Step 4: Establish a testing cadence. ISO 42001 requires ongoing monitoring (B.6) and operational monitoring (D.7). Set up monthly or quarterly scans so that your evidence folder grows over time. Each scan produces a new evidence pack demonstrating continuous AI risk management.

Step 5: Map everything to controls. Take your test results and explicitly map each finding to the ISO 42001 controls it satisfies. Build a compliance matrix showing which tests cover which controls. This makes the auditor's job easier and makes your certification audit smoother.

Step 6: Document remediation. For any failed tests, document what you did about it. Fixed it and re-tested? Document the fix and the re-test. Accepted the risk with justification? Document the rationale. Either way, the documentation demonstrates a functioning AI Management System.

The entire process — inventory, baseline testing, control mapping, and initial evidence generation — can be done in days, not months. The tools exist. The testing is automated. The evidence packs are generated with framework mapping built in.

What takes months is building the management system around the evidence — the governance structure, the roles and responsibilities, the policies and procedures that ISO 42001 requires beyond testing. But the testing evidence is the hardest part for most companies to generate, and it's the part that most directly satisfies Annex B and Annex D requirements.

The Clock Is Ticking

ISO 42001 adoption is accelerating. Microsoft's DPR v10 set the tone. Enterprise buyers are following. The companies that have ISO 42001 evidence ready — or at minimum, can demonstrate that they're generating AI testing evidence aligned with Annex B and Annex D — will win enterprise deals that competitors lose.

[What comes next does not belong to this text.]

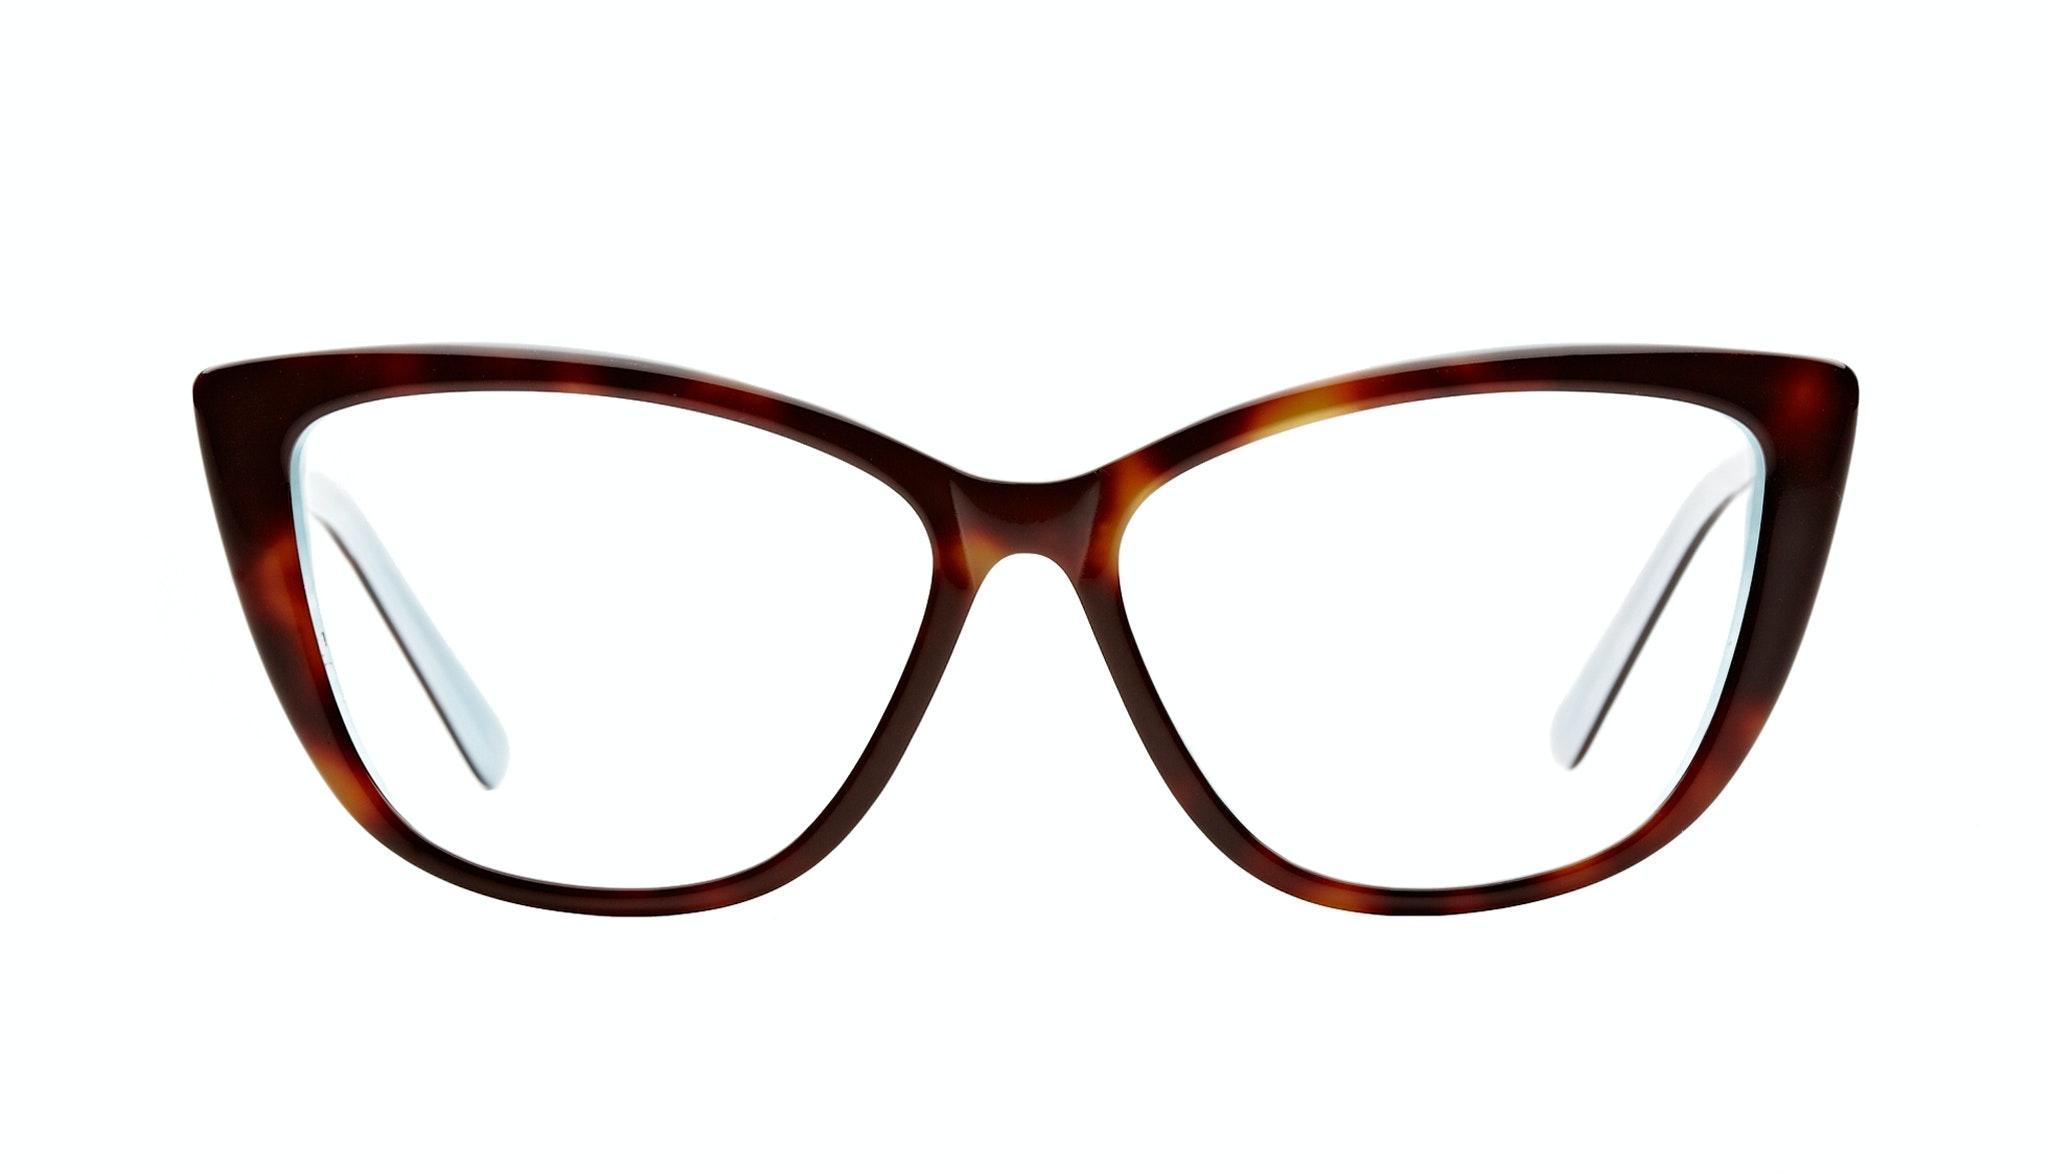 Affordable Fashion Glasses Cat Eye Eyeglasses Women Dolled Up Dreamy Tortoise Front

The companies that wait will find themselves in the same position as the content platform in our case study: scrambling to produce evidence under time pressure, paying premium rates for rushed assessments, and watching deals slip away to competitors who prepared earlier.

Start with testing. The evidence it generates feeds your risk assessment, satisfies lifecycle requirements, and gives you something concrete to show the next enterprise buyer who asks about ISO 42001. Everything else in the management system is documentation and governance. Testing evidence is the one thing you can't fake.